Neeson’s initial revelation came in answer to journo Clémence Michallon’s question of how as an actor he tapped into revenge mentality for Cold Pursuit (the movie he was promoting). Neeson said at the time that he was mortified by his actions, snapped out of it, and addressed his rage with a priest. He said he wasn’t a racist, but many didn’t buy it. The weight of the revelation was heightened by this curious cultural moment, where every celebrity and Hollywood exec is standing on trap doors that can get sprung quickly. Many of the fallen, the predators, got what they deserved, but some have gone down for mere words, and no quarter is given for transgressions that happened long ago.

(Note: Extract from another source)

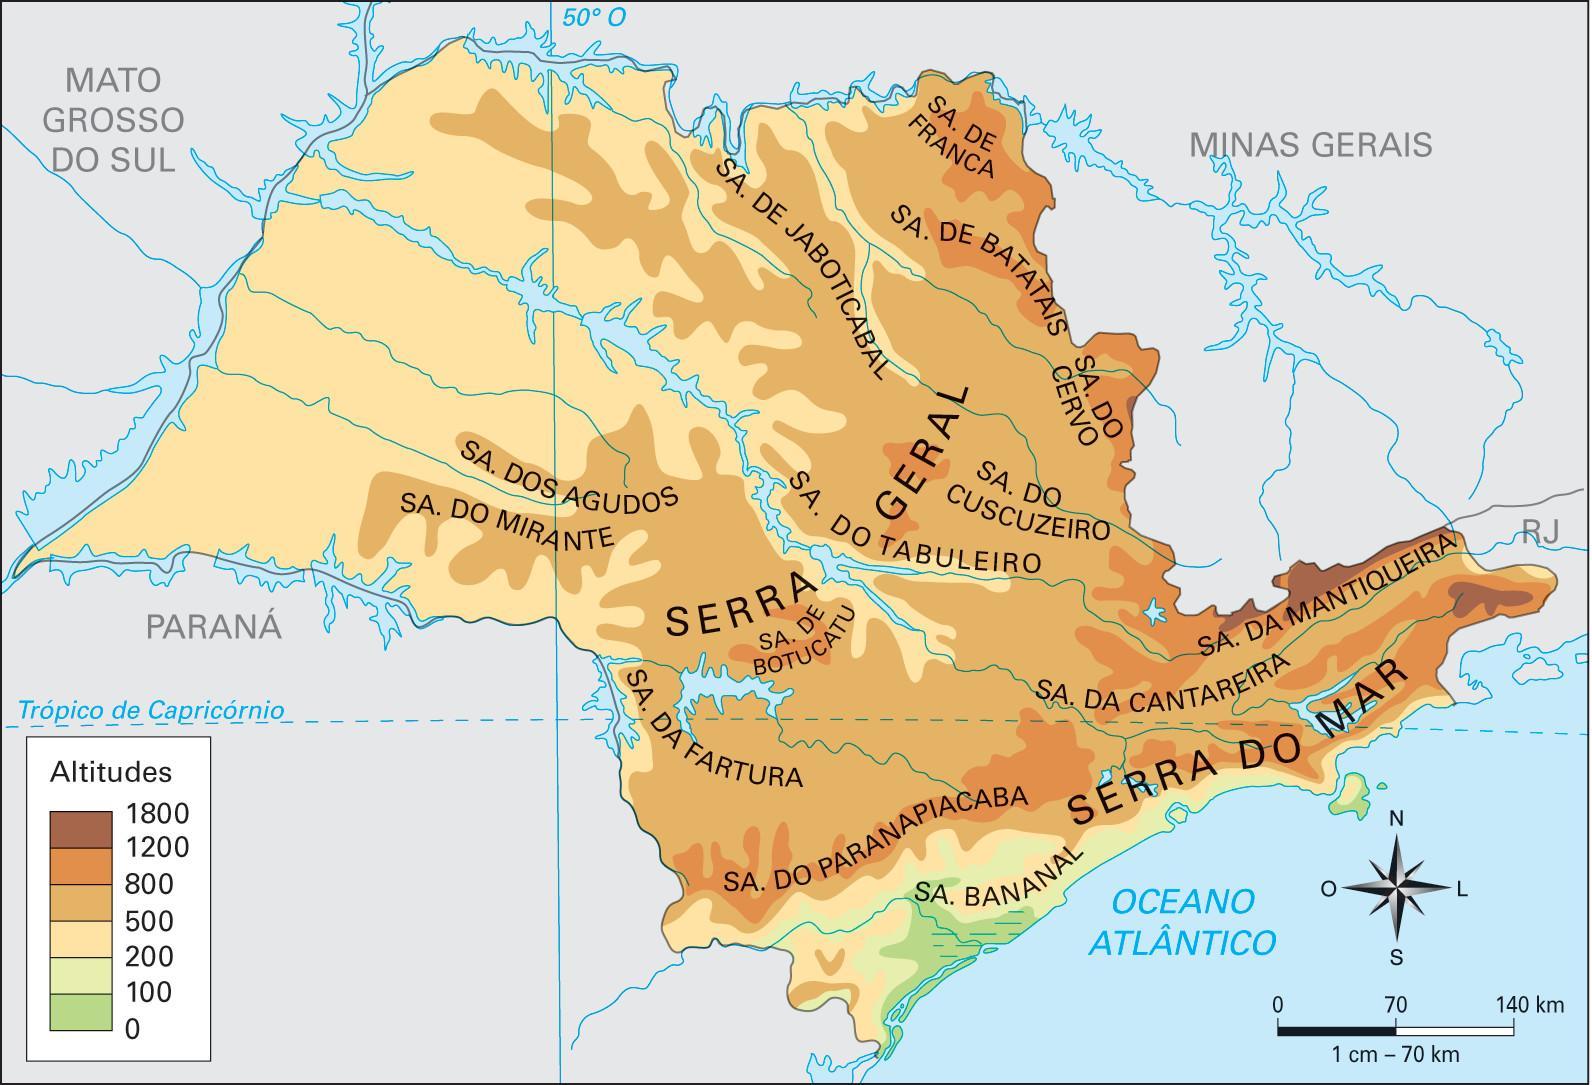 geografisk kart Geografisk São Paulo kart   Kart over geografiske São Paulo (Brasil) geografisk kart

I used to do a lot of in-depth movie star interviews for magazines like Playboy and Details. I don’t recall being told anything as dark as what Neeson divulged. But these kinds of revelations as life lessons were not uncommon, and they were graded on a more realistic curve that acknowledged people are imperfect, they screw up, and get second chances and the benefit of the doubt. The job was to get your subjects to drop their guards and be candid about a life’s worth of highs and lows that helped forge the famous person sitting there in front of you. I recall stars from Robert Downey Jr. to Quentin Tarantino, Denzel Washington, Harrison Ford, Will Smith and a couple dozen others who respected the tradition of that Playboy Interview forum and were honest in discussing how mistakes helped them evolve. I remember sitting across from Sam Jackson, believing he was the coolest and most centered actor I ever met, suddenly telling me of a dreadful period in his life when he had snorted away the cartilage in his nose to the point he could put a match up one nostril and pull it out the other. This led him to ingest cocaine by smoking it — he didn’t know this was crack — and being surprised when his wife told him he hadn’t changed his shirt in weeks. This low point in his life was well in his rear view mirror by then, and he was at peace that he had conquered those demons. It was chilling to hear and electric to read. There was the time Dwayne Johnson, maybe the nicest movie star I’ve met, talking about the time he got into a fight with a U of Miami Hurricanes football teammate and attempted to tear the tongue out of his head. This was a teammate. These were among many confessionals that readers appreciated and took in stride.

Stars today hold still for such frank conversations at their peril, and I wouldn’t be surprised if they largely become a thing of the past if this “gotcha” moment we are in doesn’t ease up a bit. That would be a shame, because the alternative is all varnish, like you get when you see athletes interviewed. People make mistakes and learn from them. Instead of spurring talk of ending a career, Neeson’s admission that long ago he pondered such an abhorrent violent act — tied to skin color — ought to spark discourse on what was in his head at the time, and the regrettable way we categorize people by race, ethnicity or religion, no matter how evolved we believe we are. He should not be lauded for the revelation, but also not shunned and defined by it.

The incident happened 40 years ago, which means it was likely before he got going as an actor, starting with Excalibur and leading to Schindler’s List and Michael Collins, and a lucrative detour to action star in his 60s with Taken. Forty years ago, Neeson was a boxer turned wannabe actor immigrating from Northern Ireland, where eye-for-an-eye violence between Catholics and Protestants were regular occurrences. None of this excuses the poison that was in his head. If Neeson had actually harmed anyone, his future would have been in the prison system and not the movie business.